- Given records -

━━━━━━━━

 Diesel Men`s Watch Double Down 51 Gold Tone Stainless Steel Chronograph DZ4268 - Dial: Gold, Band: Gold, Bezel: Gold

━━━━━━━━

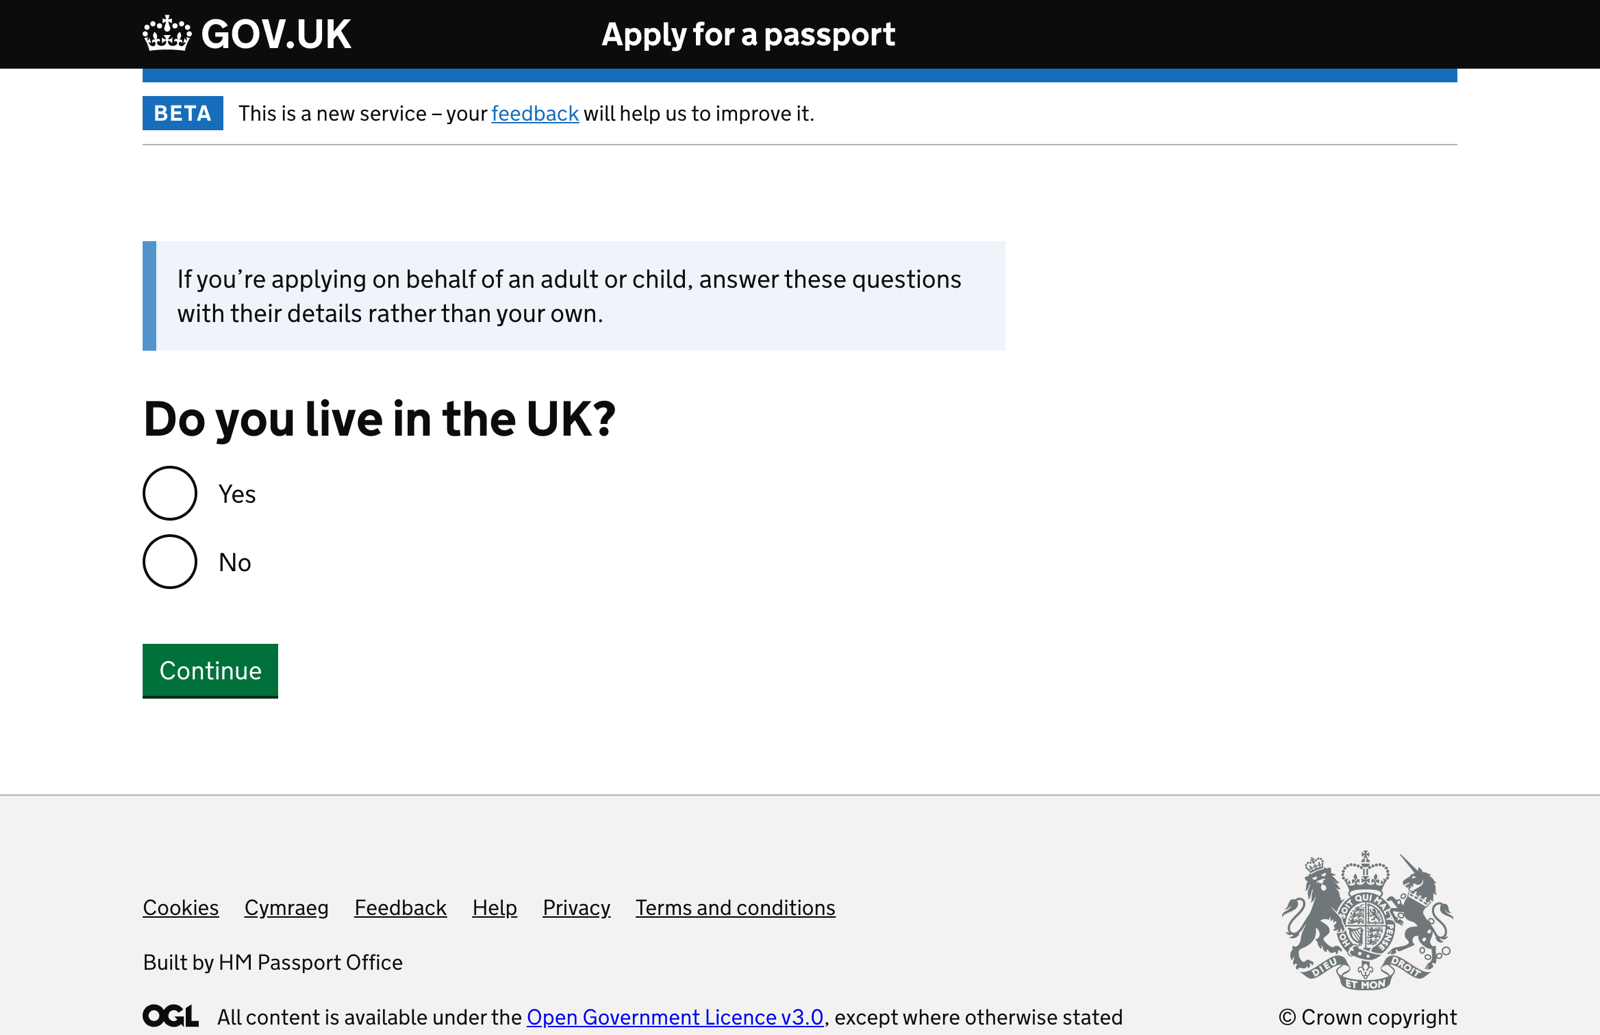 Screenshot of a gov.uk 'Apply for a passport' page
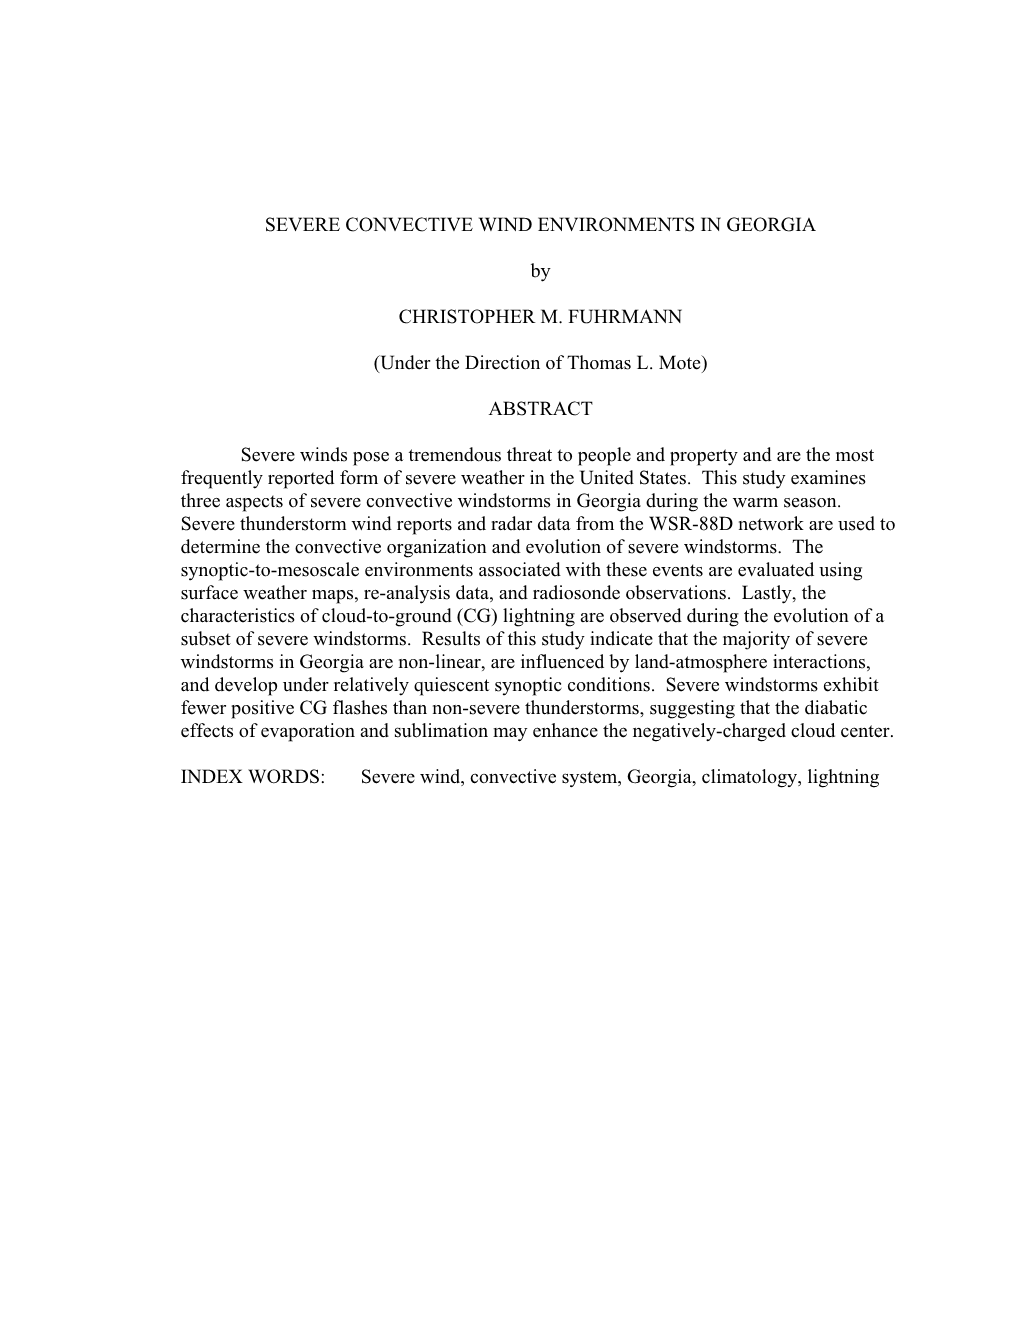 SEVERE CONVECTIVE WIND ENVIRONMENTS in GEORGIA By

━━━━━━━━

- What you should do -
In the records above, find the line containing "Screenshot of a" and the line containing "SEVERE CONVECTIVE WIND", then give both of them again word for word along with every line between. Omit any pictures.

- Exercise solution -
 Screenshot of a gov.uk 'Apply for a passport' page
 SEVERE CONVECTIVE WIND ENVIRONMENTS in GEORGIA By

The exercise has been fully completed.